Ética Intercultural em Informação
Pode-se dizer que o sentido mais universal da ética em informação está ligado ao fato de
que os conteúdos informacionais são substratos para a conformação de visões de mundo, gostos e
formas de consciência que incidem na política, no cotidiano e na vida das pessoas. Essa relação
complexa e em movimento configura o que González de Gomez (2012) conceituou como regime
de informação. Trata-se de um tipo particular de organizar a informação que objetiva-se em
políticas públicas, visões de mundo, teorias científicas, etc.
modo informacional dominante em uma formação social, o qual define quem são
os sujeitos, as organizações, as regras e as autoridades informacionais e quais os
meios e os recursos preferenciais de informação, os padrões de excelência e os
modelos de sua organização, interação e distribuição, enquanto vigentes em certo
tempo, lugar e circunstância (GONZALEZ DE GOMEZ, 2012, p.4).
CAPURRO (2010), idealizador da EII, informa que este aspecto ético não deve ser pensado
no sentido de uma generalidade abstrata, mas no sentido de uma construção, orientada por
prudência e responsabilidade que, por sua vez, nos remete a uma ideia de reciprocidade e obrigação
mútua. Trata-se de formular argumentos que se expressem como imperativos éticos e que possam
influenciar condutas. O autor uruguaio nega os parâmetros únicos e fixos para definir a moralidade
das ações, ao mesmo tempo em que afirma que, é na impregnância da prática e de sua análise, ou
seja na práxis, que pode-se formular argumentos ético-políticos para o campo informacional
(SCHNEIDER, 2016).
A proposta de Rafel Capurro nega o aspecto dogmático dos códigos genéricos de ética,
permitindo a elaboração de interpretações particulares das consequências práticas da atuação
humana.
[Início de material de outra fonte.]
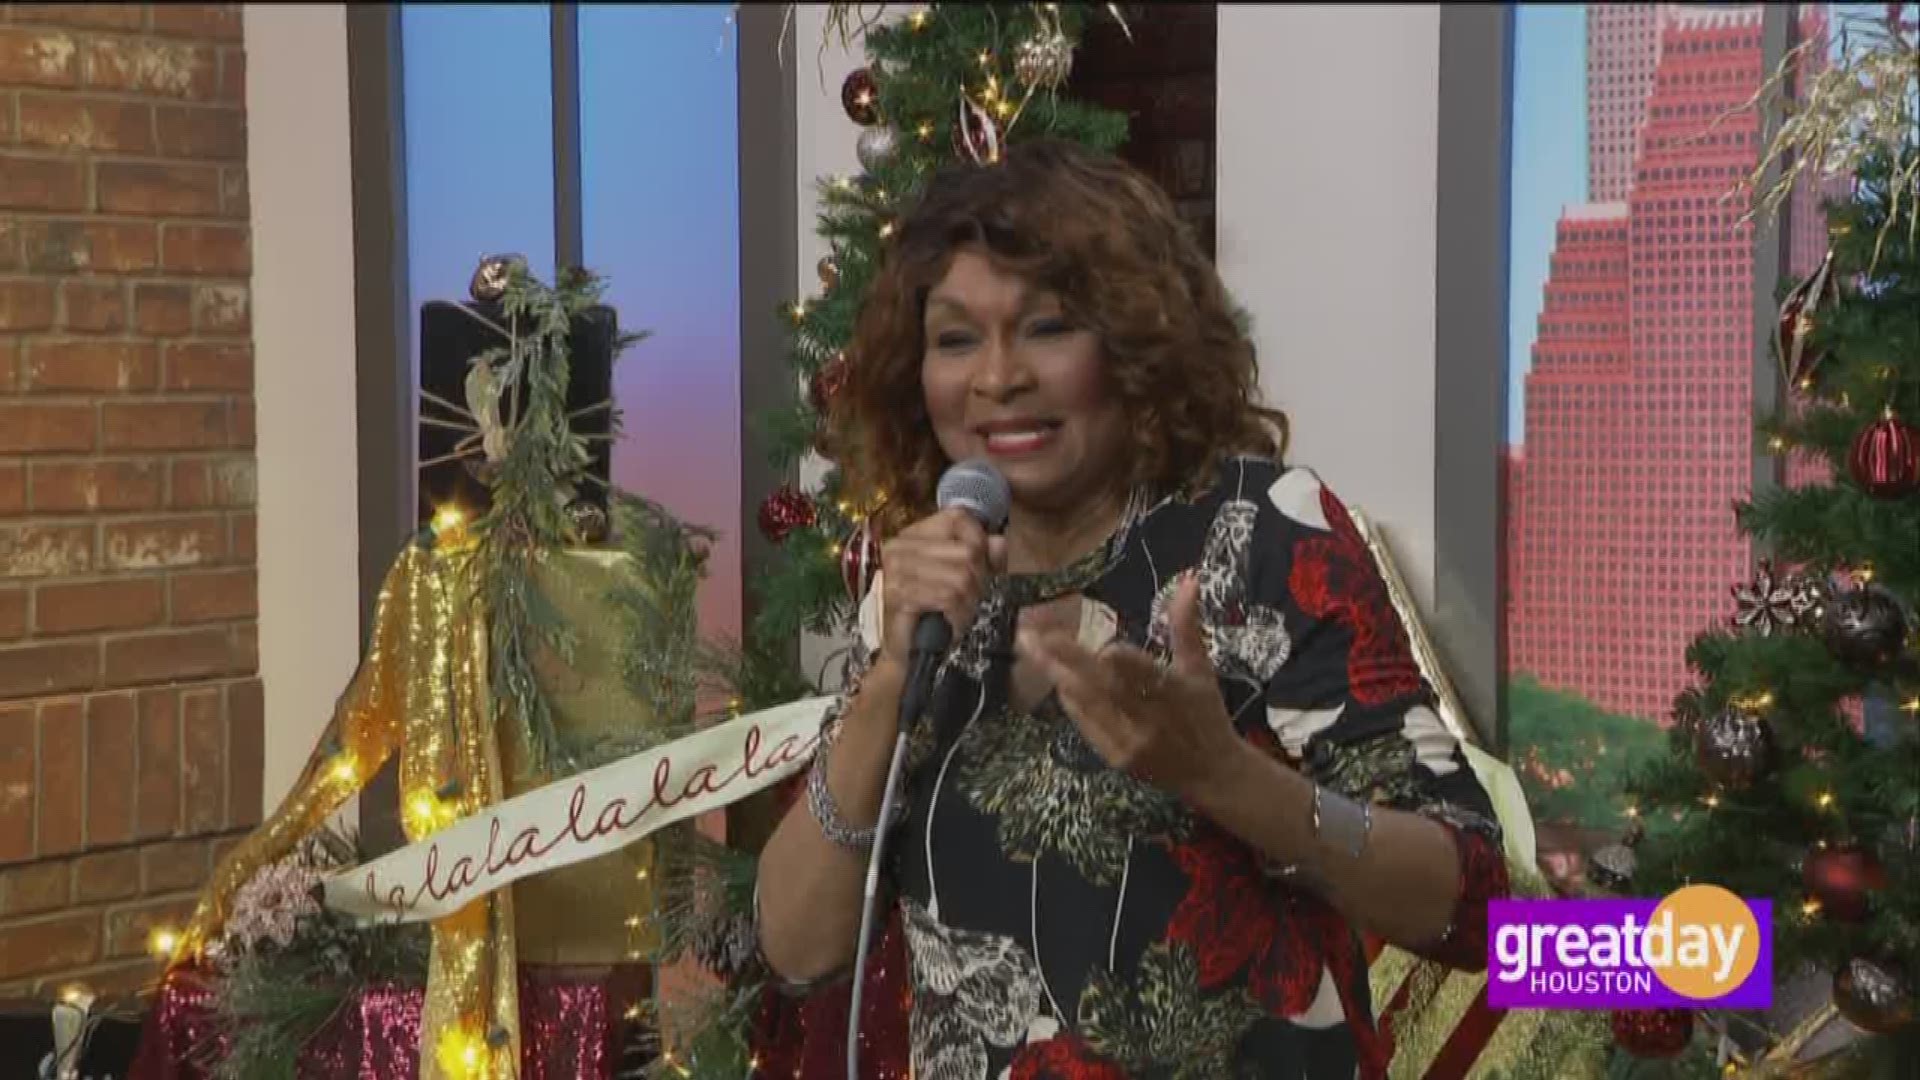 Broadway star Vivian talks about the Ensemble Theatre's upcoming holiday musical, "More Than Christmas."

Deste modo, busca-se evitar tanto as condutas universais que se tornam hegemônicas, e
são produzidas e emanadas por centros colonizadores e imperialistas, quanto o seu oposto, o
relativismo moral que aparece sob o véu da diversidade e do pluralismo das culturas particulares
(SCHNEIDER, 2016).
Nesse sentido, exige-se uma interpretação constante do como e do quando esses princípios
devem ser colocados em prática. Pelo aspecto diverso e “problemático” da ética, os códigos são
sempre temporários, e devem ser construídos a partir de argumentações exaustivas, que, por sua
vez, negam o consenso artificial das do “decision making” (CAPURRO, 2010)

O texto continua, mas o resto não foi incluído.